Some of his labors as a surveyor were performed in the neighborhood of Duck Creek DE. It is related that a t one time he had occasion to survey a farm, the owner of which threatened violence if he proceeded. Thomas asked if he had any objection to the survey of the adjoining properties, and receiving a reply in the negative, crossed the fence and measured around the farm withoug being upon it.

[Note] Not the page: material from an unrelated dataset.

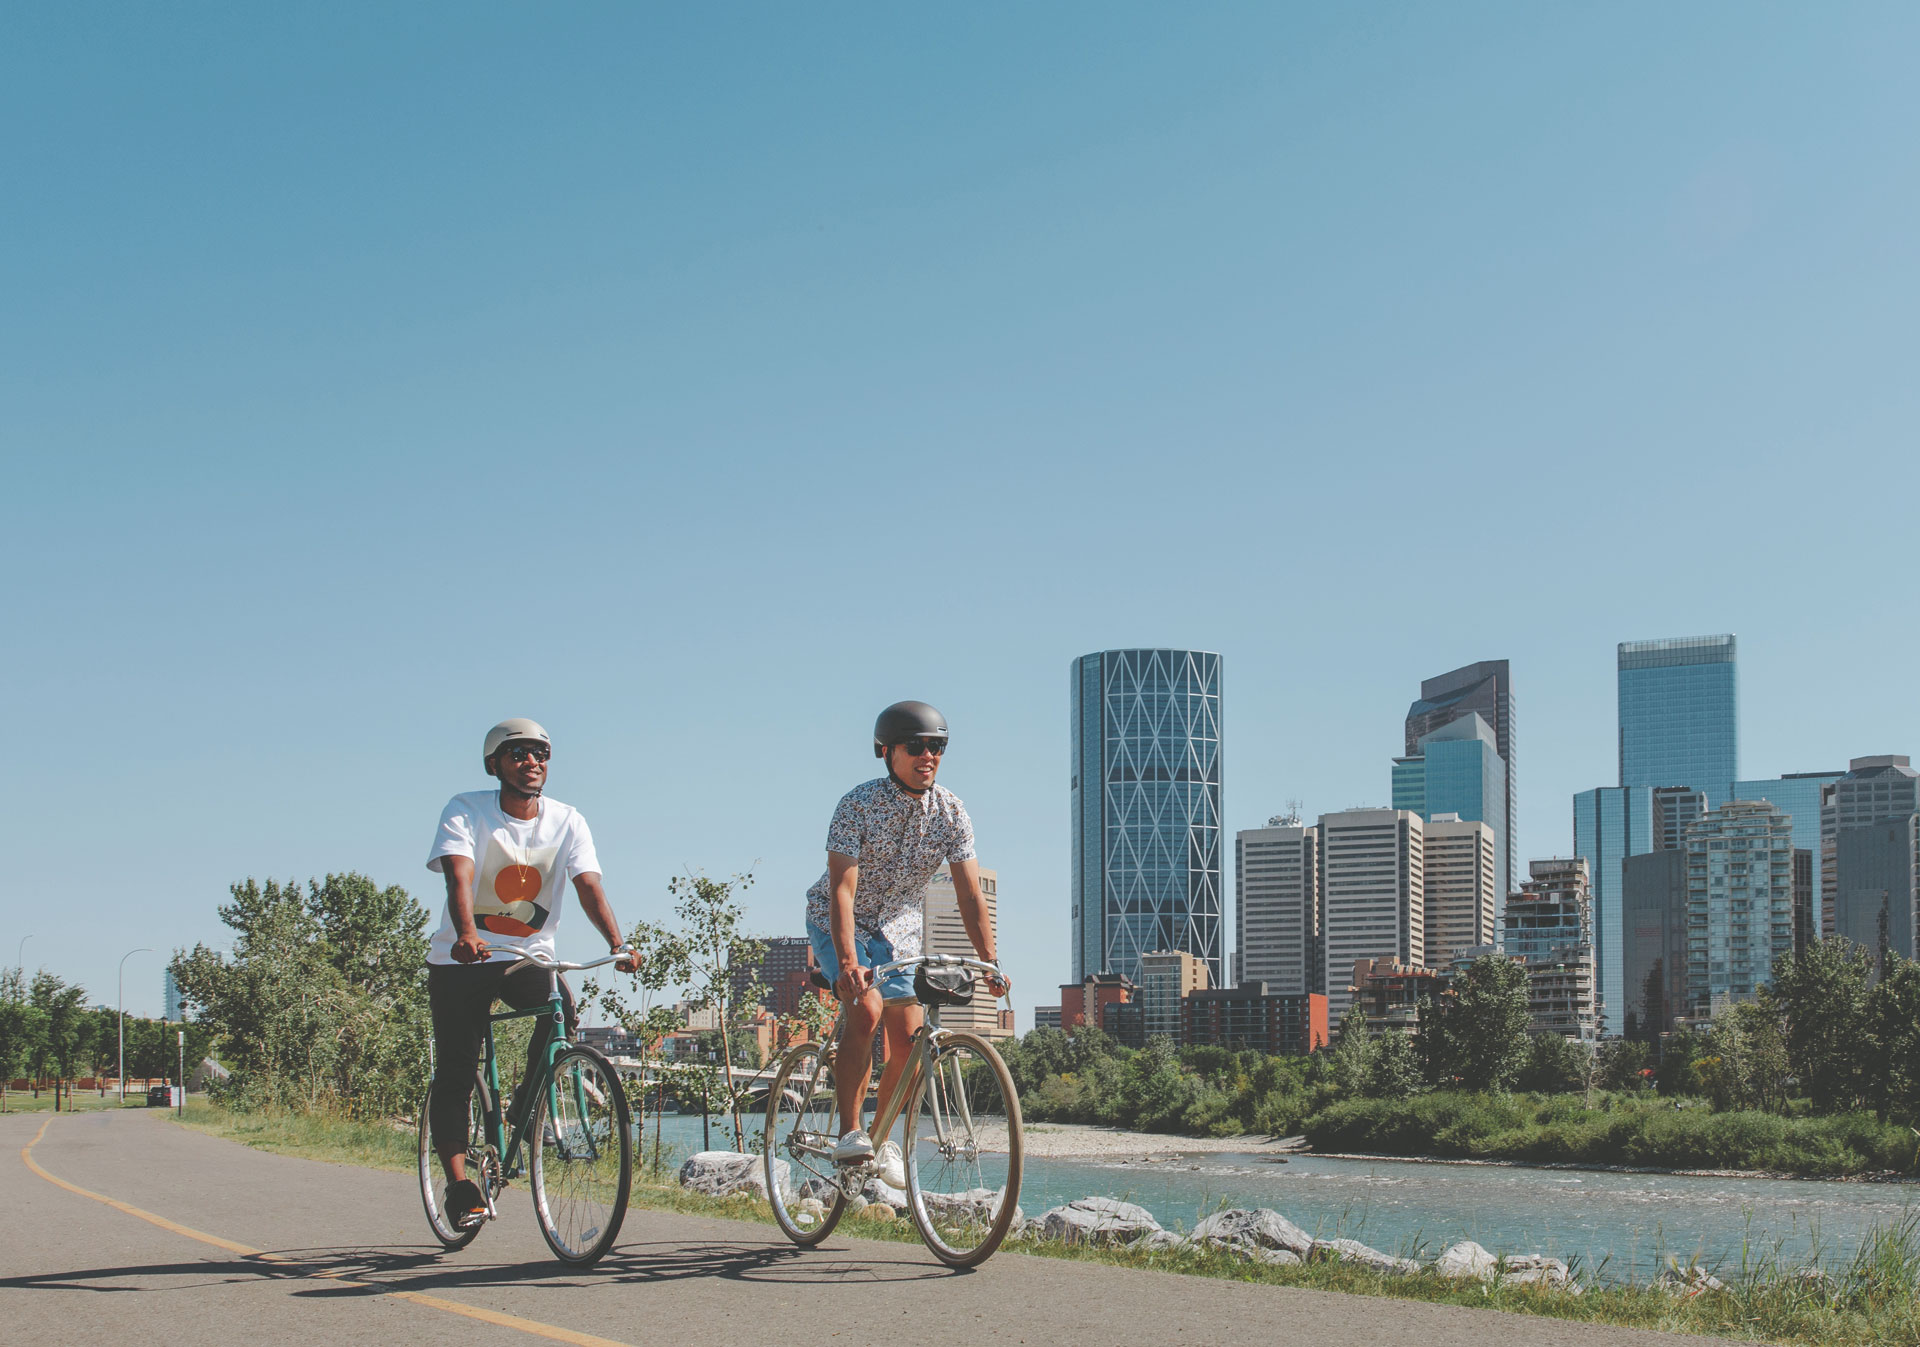 Exploring Calgary by bike

John Woolman, a noted preacher among Friends, and one of the most scrupulous anti-slavery men of his day, on one occasion attended Quarterly Meeting at London Grove. Here he delivered one of his powerful discourses against holding persons in bondage. At that time Friends were not all clear of this evil, though it is safe to assert that their servants were generally treated with humanity. After meeting, Woolman, with several friends, went to the house house of Thomas Woodward to take dinner. Entering the house, he observed some colored persons, and learning that they were slaves, he quietly picked up his hat and cane (he traveled on foot), and left the room and his friends. They supposed he would return shortly, but were disappointed. Thomas Woodward had a high standing in the meeting, and this incident had a great effect jpon his mind, so that on awakening the next morning he told his wife he must liberate his slaves. She asked if all must be liberated, adding "Must Bet to too?", and even burst into tears at the thought of losing her faithful servant. But the decree was made and would be carried out, for Thomas was unwilling to keep a house at which his friends could not be entertained. He was afterward appointed by the meeting one of a committee to visit such as held slaves, and endeavor to convince them "of the evil of so doing".
Reference: A Genealogy of the Kirk Family, a book by Chas. H. Stubbs, M.D., Wylie & Griest, Lancaster PA, 1872
NOTE: This file is a transcription of the book into electronic format.
At present [2000 Oct 10] the transcription is incomplete, having reached page 94 out of 252.
I plan to complete the transcription, but it's a free time project and I have very little, so it will probably take some months.
Thomas married Elizabeth KIRK, daughter of Roger KIRK and Elizabeth RICHARDS. (Elizabeth KIRK was born March 5, 1722 1 and died January 25, 1812 1.)